→ **GIVEN INFORMATION**:
[Start of Attachment]
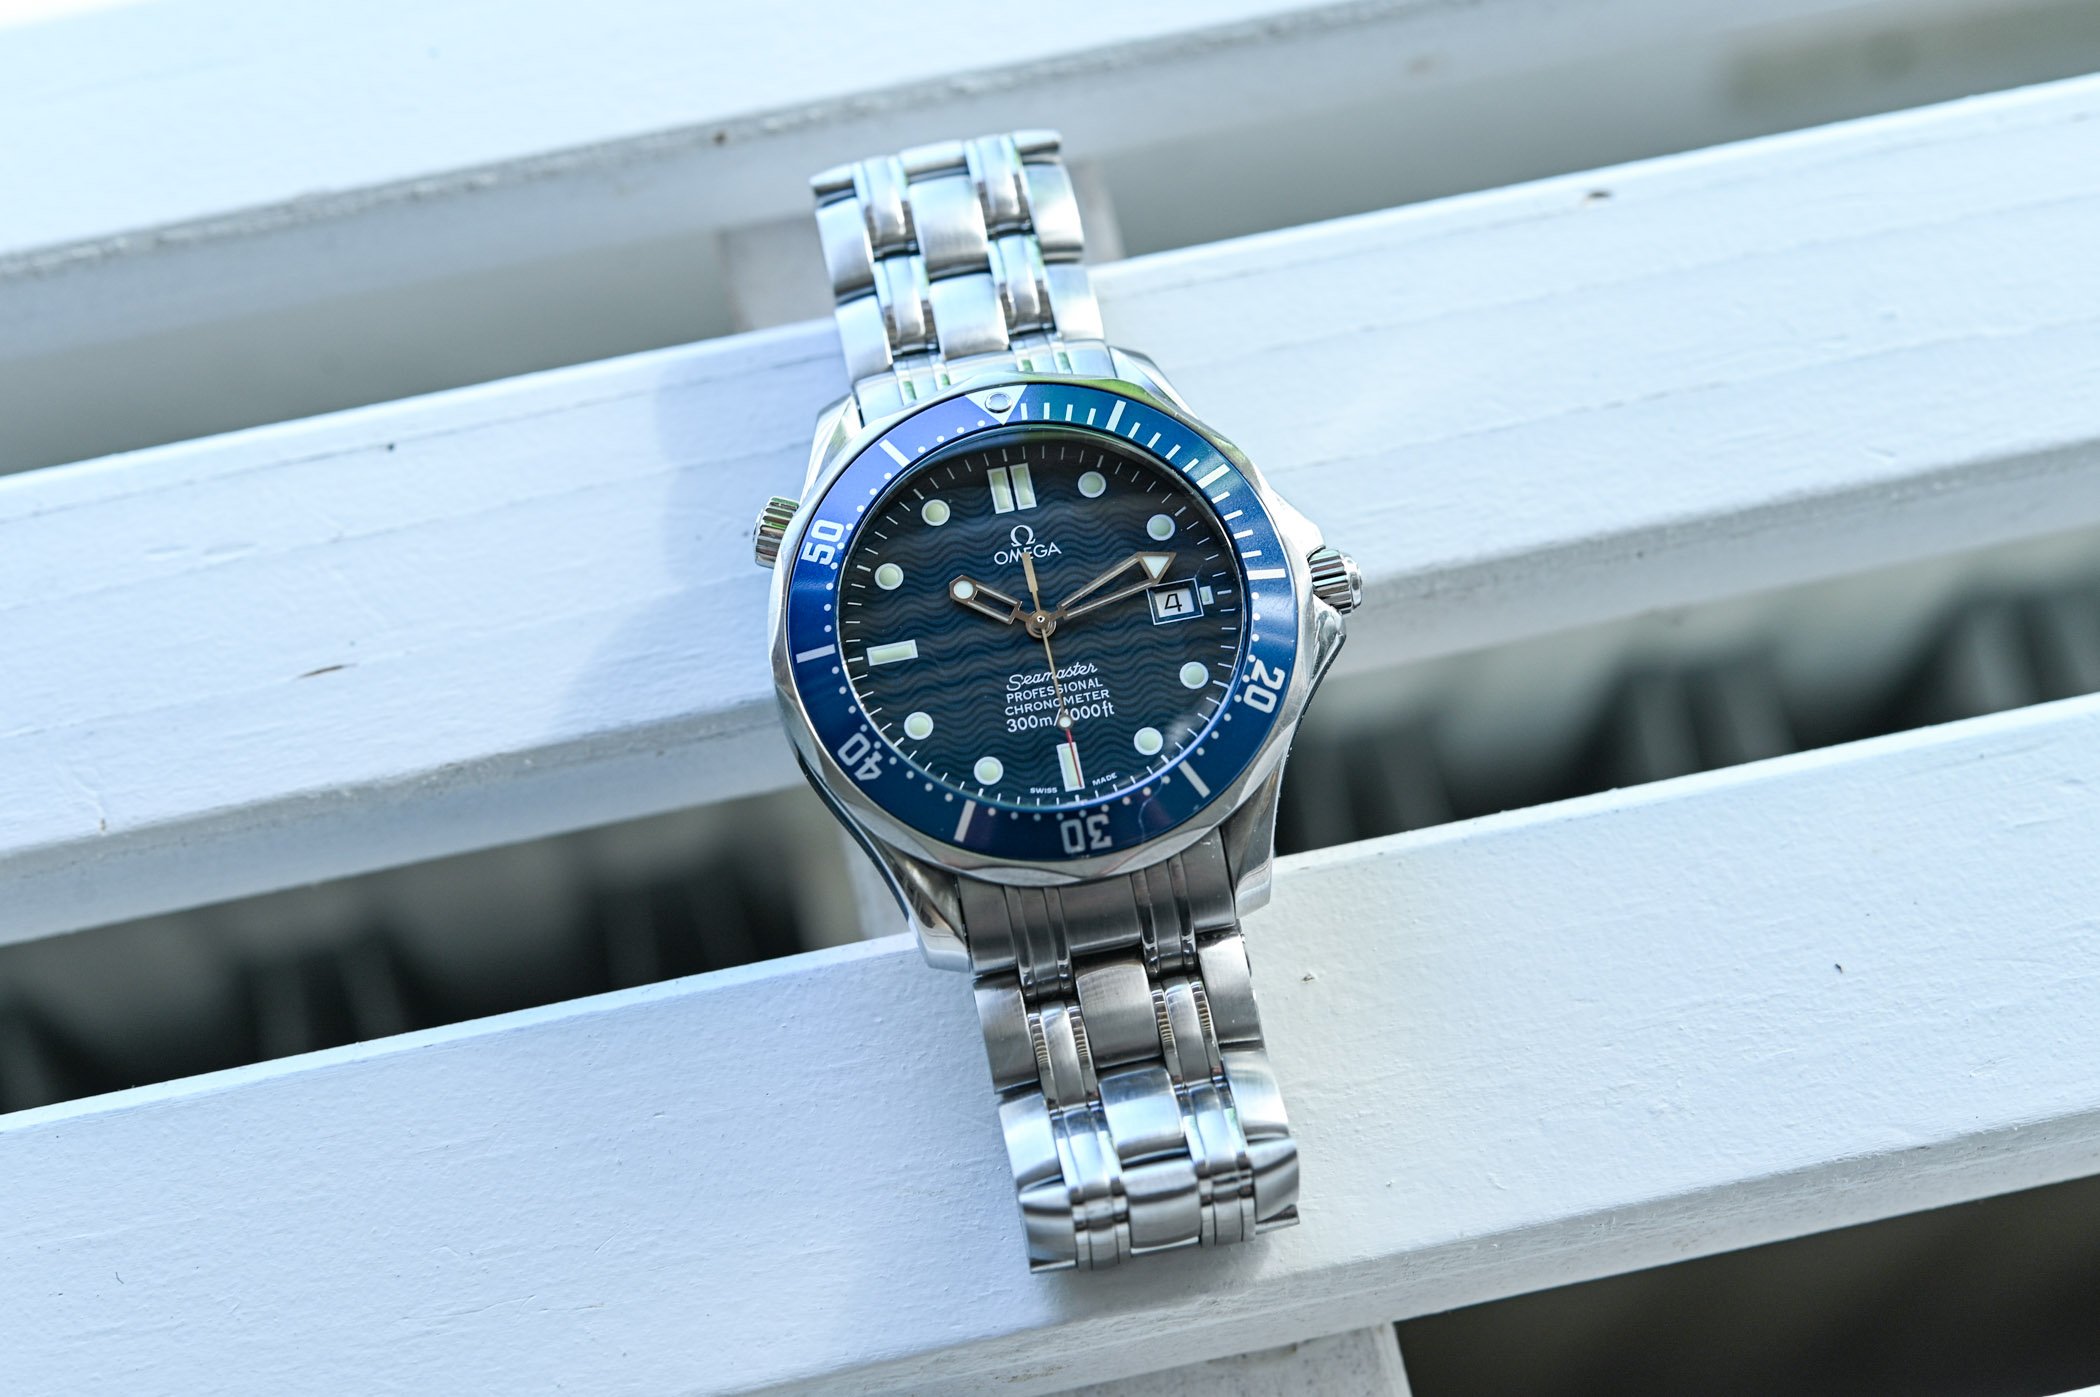 Collector's Corner - The Omega Seamaster Professional Diver SMP 300
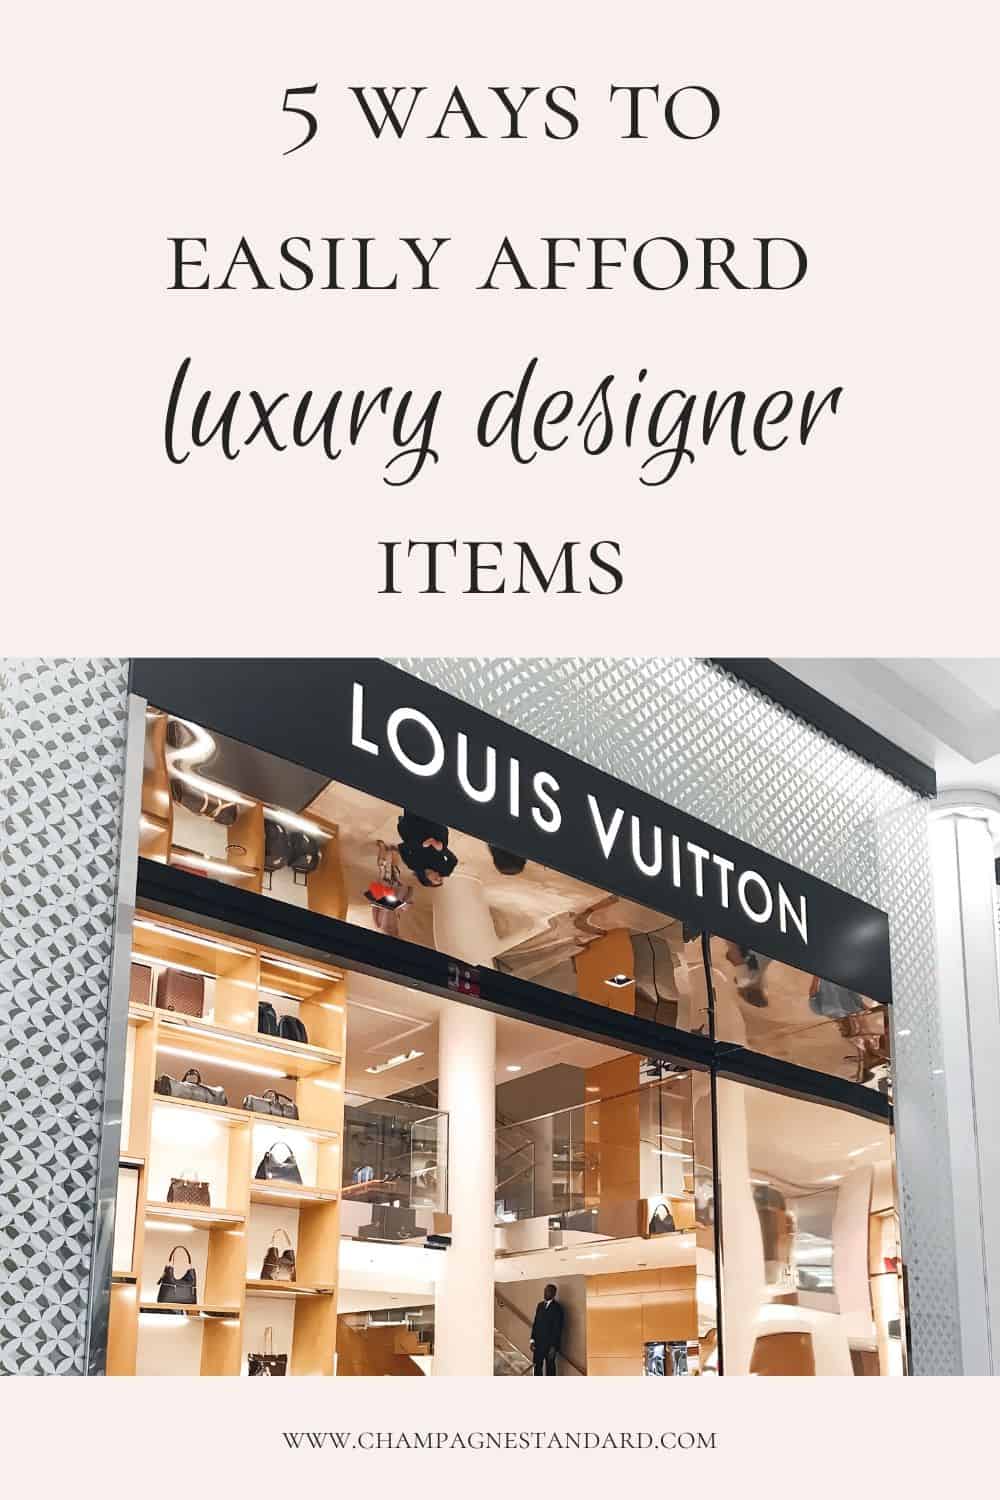 8 Tips On How To Afford Luxury Designer Items
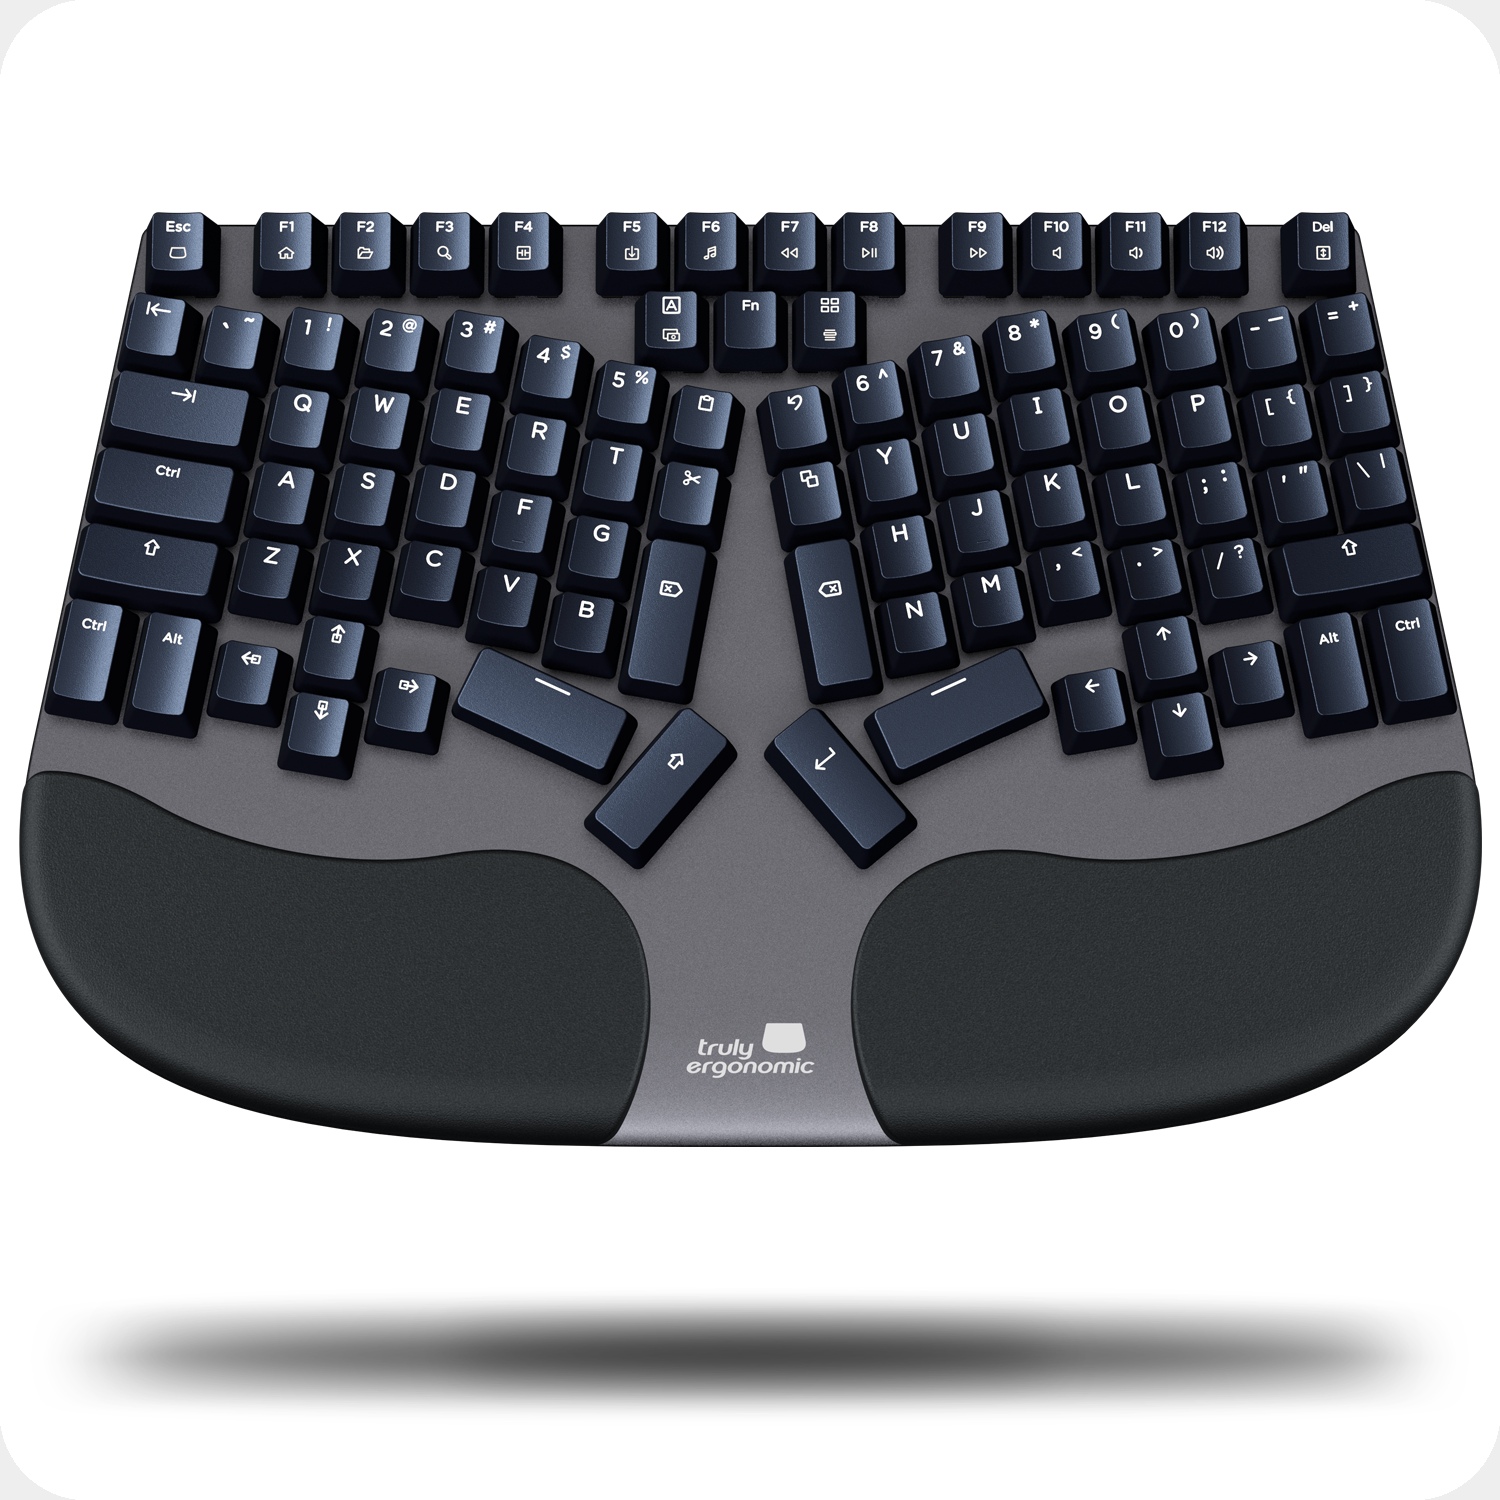 Truly Ergonomic CLEAVE Keyboard - Optical Mechanical Switches
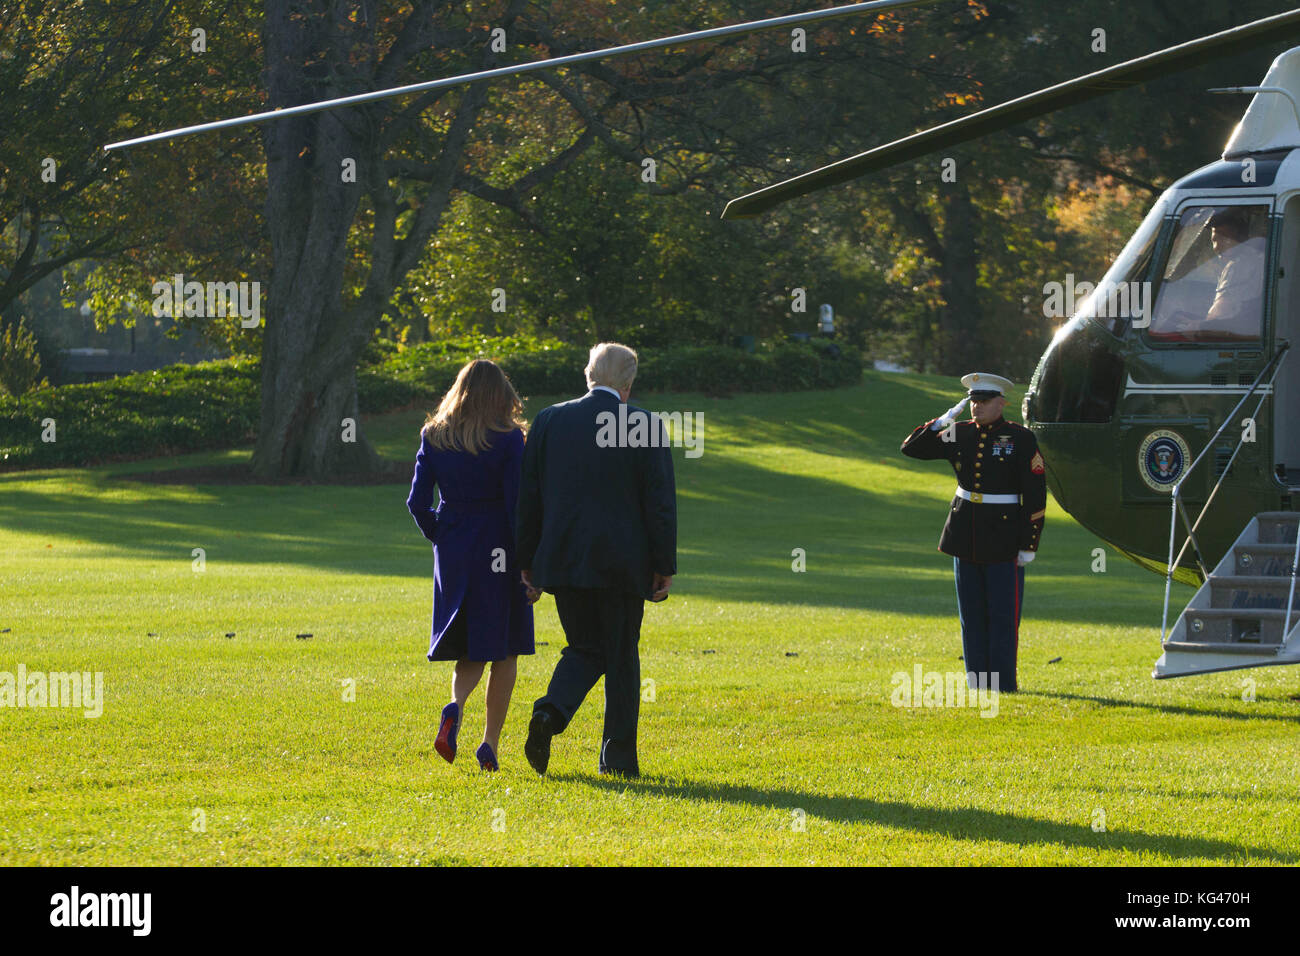 Washington, USA. 3rd Nov, 2017. President Donald Trump and first lady Melania Trump depart the White House for an 11-day, 5-nation trip to Asia, Friday, November 3, 2017. Credit: Michael Candelori/Alamy Live News Stock Photo
[End of Attachment]
→ **EXERCISE DESCRIPTION**:
Your copy of the data above should match it exactly, apart from the images.

→ **EXERCISE RESULT**:
 Collector's Corner - The Omega Seamaster Professional Diver SMP 300
 8 Tips On How To Afford Luxury Designer Items
 Truly Ergonomic CLEAVE Keyboard - Optical Mechanical Switches
 Washington, USA. 3rd Nov, 2017. President Donald Trump and first lady Melania Trump depart the White House for an 11-day, 5-nation trip to Asia, Friday, November 3, 2017. Credit: Michael Candelori/Alamy Live News Stock Photo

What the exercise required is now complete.